Here is the Minesweeper solving algorithm in pseudocode:

class Set {
  Coordinate[] elements;
  int mines;
  Set(Coordinate[], int);
  bool strictSubset(Set);
  Set diff(Set);
}
 
solveMinesweeper(board) {
  sets = [ ];
  // gather information
  for (square in board.squares) {
    if (square.isNumber()) {
      sets.add(new Set(square.around(), square.number))
    }
  }
 
  // apply the Subset Rule
  changed = true;
  while (changed) {
    for (set1 in sets) {
      for (set2 in sets) {
        if (set1 != set2 && set1.strictSubset(set2)) {
          sets.add(new Set(set2.diff(set1), set2.mines - set1.mines));
        }
      }
    }
  }
 
  // apply the Nothing and Equality rule
  for (set in sets) {
    if (set.mines == 0) {
      board.dig(set.elements);
    } else if (set.mines == set.elements.length) {
      board.mark(set.elements);
    }
  }
}


2 Responses to “Solving Minesweeper Rules”

  • Dave Says:

    Excellent, this is a great logical breakdown of an automated method. I’ve seen some automated cheat methods online which use image processing to pull back a tile count and then determine which tiles can be clicked. I’m wondering how they compare with this set of rules.
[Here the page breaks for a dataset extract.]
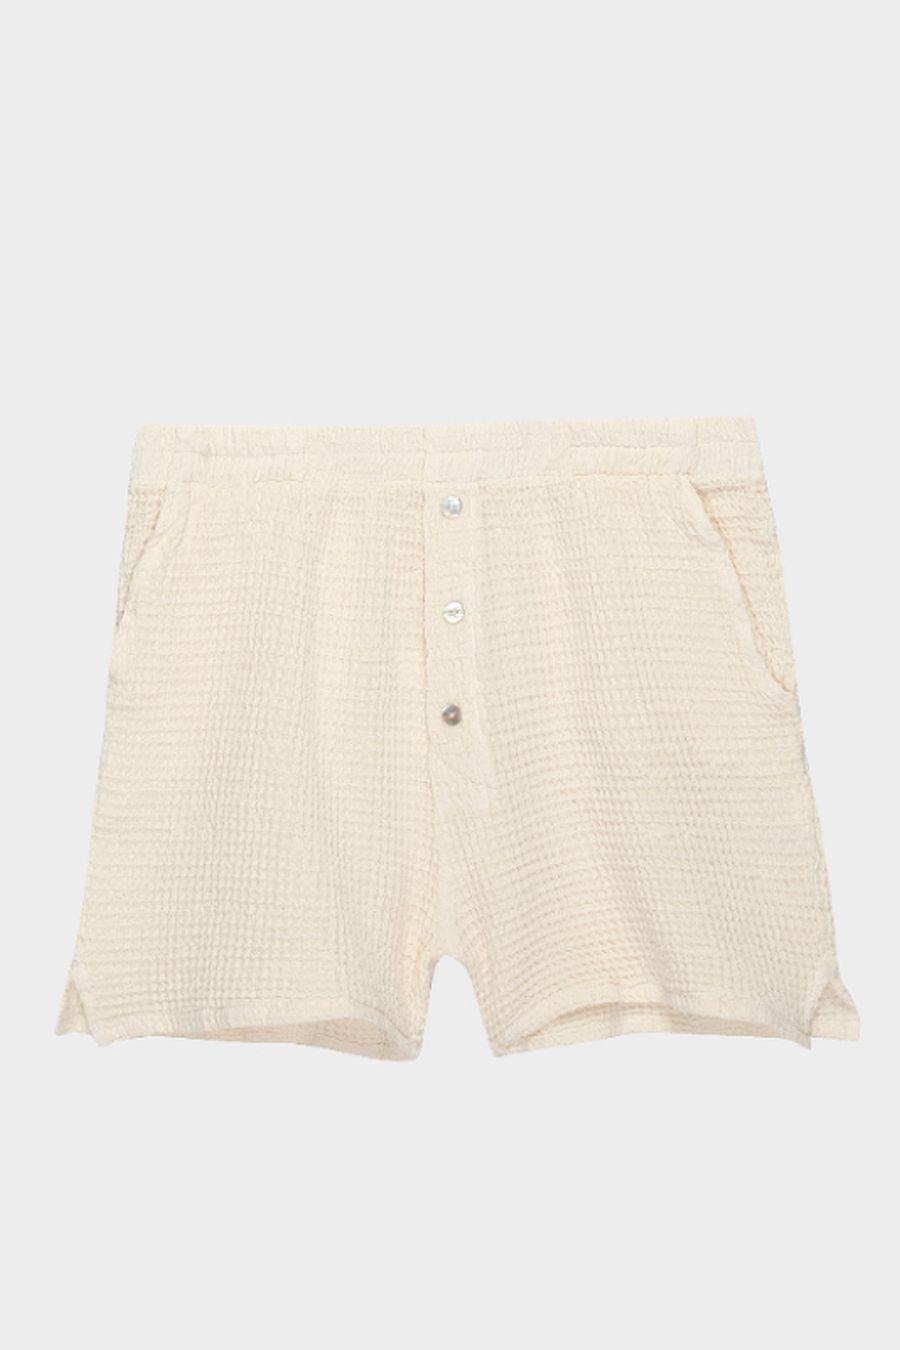 DONNI. Waffle Shorts - Creme

    I wrote a simple beginner-level minesweeper game, I’m wondering if it’s possible or useful to write an online minesweeper solver…

  • STIMpacks Says:

    very fun game! for windows vista there is a “easter egg” that makes you think even more. this game is very simple but none of my friends know how to play it?